How to Make Your Pitch a Win/Win/Win Pitch

If you’re pitching bloggers – don’t just look to get something out of it for yourself – you need to be pitching in a way that the bloggers readers will benefit (this is mainly about promoting relevant and high quality products) and hopefully where the blogger/blog itself will benefit in some way.

This doesn’t just mean financial wins for the bloggers (although that should certainly be considered if you’re benefiting financially) but it could include numerous things. Here are a few ‘wins’ for bloggers that might increase your chances of a successful pitch:

  • advertising – one obvious type of financial win is to buy advertising on the site. Whether this be a banner ad, an in-post ad, a newsletter sponsorship or some other kind of ad – this at least compensates the blogger for promoting your event.
  • affiliate deal – paying the blogger for a conversion/sale is a good way to go for you because you’re only paying for conversions and good for the bloggers as it gives them real incentive to promote your product/service/event.
  • promotion – an exchange in terms of promotion could work – if the blogger is promoting you, why not agree to promote them back either at your event, on your site etc. Promoting them as a sponsor or partner won’t cost you anything but helps the blogger to do something that they’re on about – growing their blog.
  • product – many bloggers will accept products either as payment or to give away to their readers as prizes. In a sense this is payment (and most bloggers will want to disclose it) but it’s going to cost you less while still delivering value to the blogger for their promotion.

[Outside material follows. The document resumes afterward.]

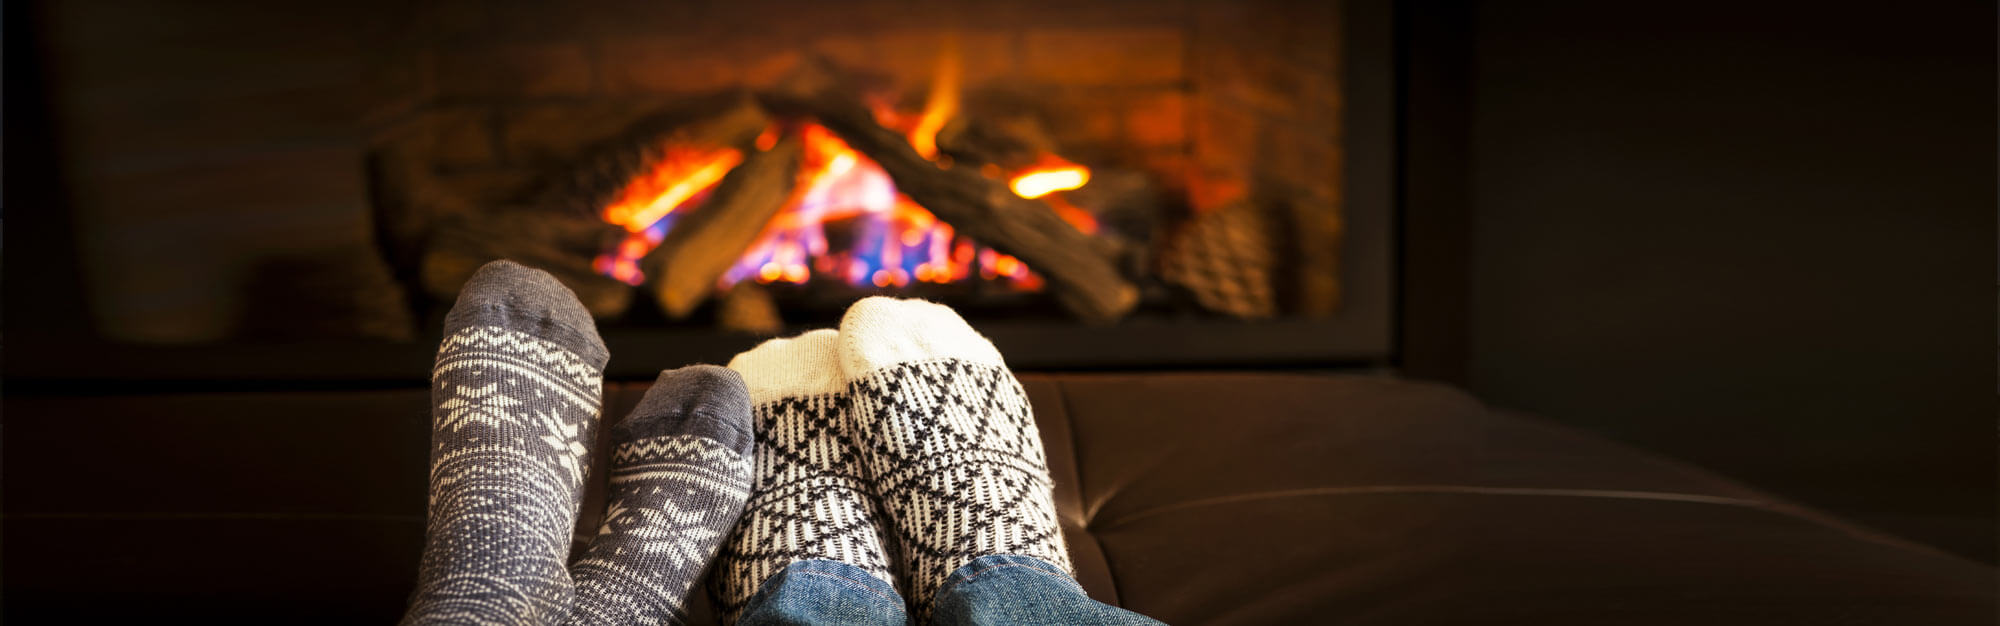 Two pairs of feet wearing warm winter socks warming in front of a fireplace

I’m sure there are other ways you could bring some value to a blogger (feel free to share some in comments) – the key is to find a way to not only deliver value to yourself and their readers – but to them also.

About Darren Rowse

Darren Rowse is the founder and editor of ProBlogger Blog Tips and Digital Photography School. Learn more about him here and connect with him on Twitter, Facebook, Google+ and LinkedIn.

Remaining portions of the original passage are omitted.